How many times have you found the “date of birth” field on the application forms of so-called “equal opportunity” employer? Unless they are Wipro, who flash the fields on their online forms anyhow but proudly proclaim that filling the data is optional because they don't care about gender and age being an equal opportunity employer, most of them demand it. There is not a single, read my lips, not a single employer in this world or the other who can be an equal opportunity employer, in the true essence of the phrase.

A month ago a reputed company, a ubiquity in database solutions, was in my town for a walk-in. Since too many turned up, despite of my experience and certifications I had to write a Java test, along with the college enthusiasts. No probs, I said. Luckily, I cleared the test and was called for the interview. Now, from the very start, the guy just couldn't fathom my past non-IT experience. “Why do you show your non-IT experience at the end of your Resume?”, he quipped sympathetically, “Do you want to put aside your 6 years of experience on the backburner?”, “Oh my, how will you relocate?”, “God, how will you manage at Bangalore, being a married guy you are?” All short of tears, he treated me as if I had tested HIV positive. No technical questions at all. After the hour long ordeal, the guy stood up, shook hand and “thanked me for my time” assuring that he would surely “get back to me”. Oh so much respect, ah so much disgrace..
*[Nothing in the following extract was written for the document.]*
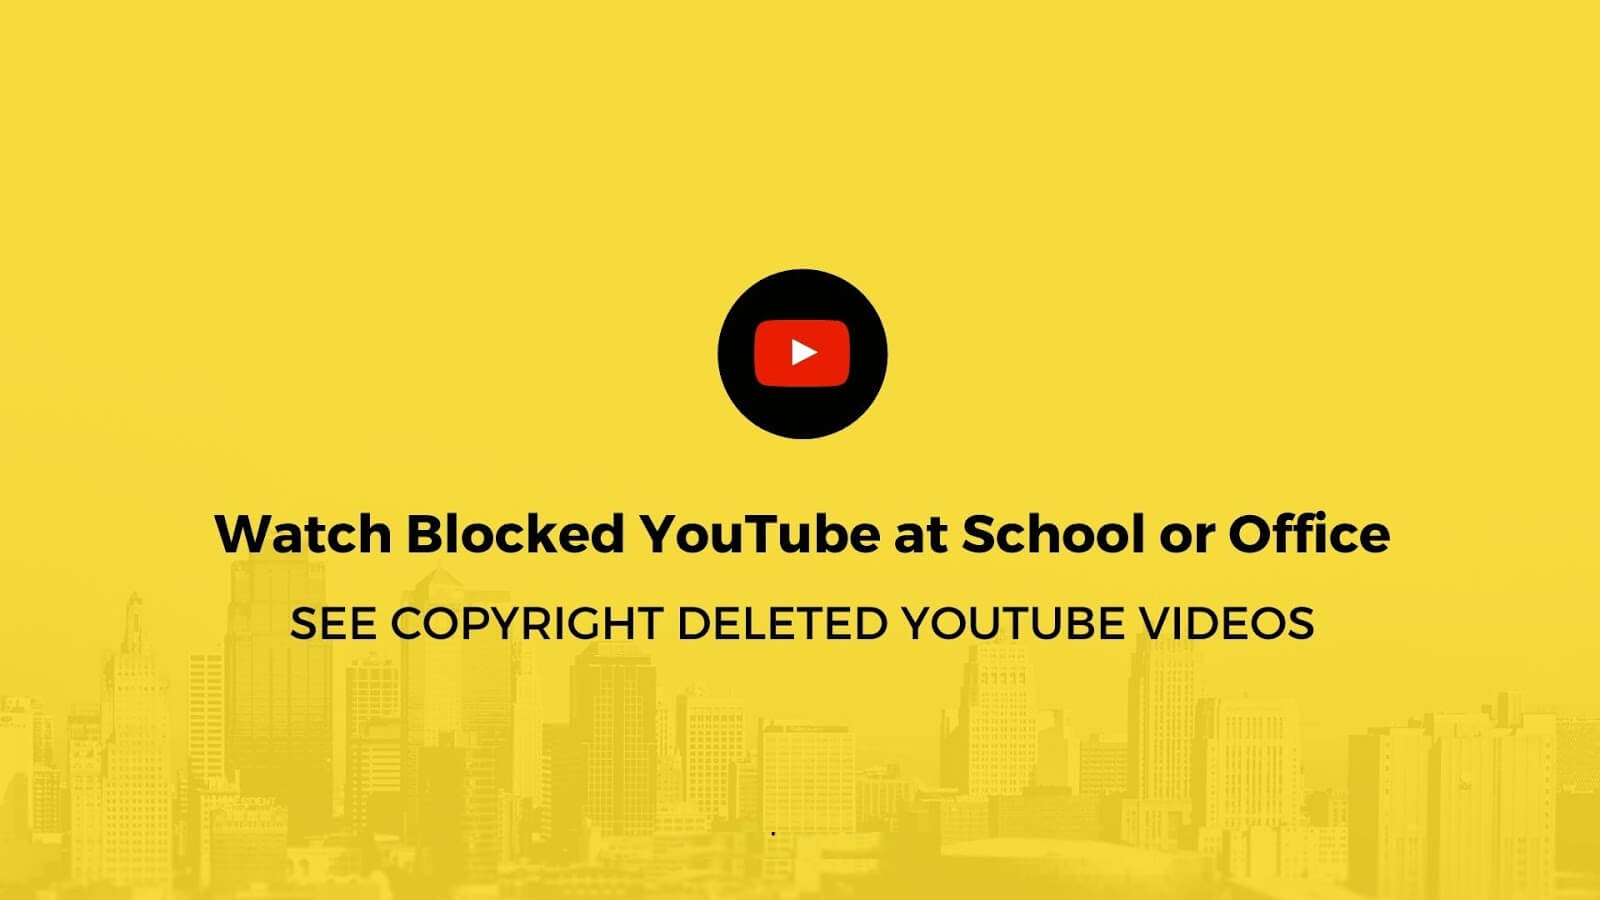 شاهد مقاطع فيديو YouTube المحظورة بموجب حقوق الطبع والنشر (في المدرسة أو المكتب) - %categories

Why do I write all this stuff? Because this advisory by Joel Spolsky provoked me to. I have been a great fan of his writings, a regular reader. But then he is not perfect in his advise every time and this time he certainly isn't. Now Indian candidates might not know the difference between a comma and a space but certainly they speak/write better English than an American I suppose. With your racial bias Mr.Joel I hope there is no “equal opportunity” tag appearing anywhere on you site, because if it does I now know exactly what it means. Joel complains that the job cover letters often come with job advertisement at the footer (and one of yahoo site builder actually irritated him). I don't think Sir I can manage to add a context sensitive Google text-ad with mine because first of all I didn't put it there. The free email service providers are at liberty to scribble the glory and I am satisfied as long as they don't ruin my mail and I am certainly not going to have a paid email account just to post my resume.

Speaking of cover letters and resumes, while many of his points seem valid I wonder if any Indian recruitment firm (expect for the consultants) actually read them. They are just not meant for human consumption. You are supposed to mail your resume in propah format, write experience-location in subject of your email so that parsing and sorting becomes easier. As a matter of fact, old hands have always advise to use the correct “keywords” in the resume, as per the “job demands” so that it surfaces rightly in search results. Who tries “to sound like a human in the cover letter” now a days? And while there may be dozens of book with advise on your resume I have not seen a single worthwhile response in last 5 years from 2 of the reputed job sites I had enrolled to, the ones who actually are supposed to create a good structured resume automatically for you.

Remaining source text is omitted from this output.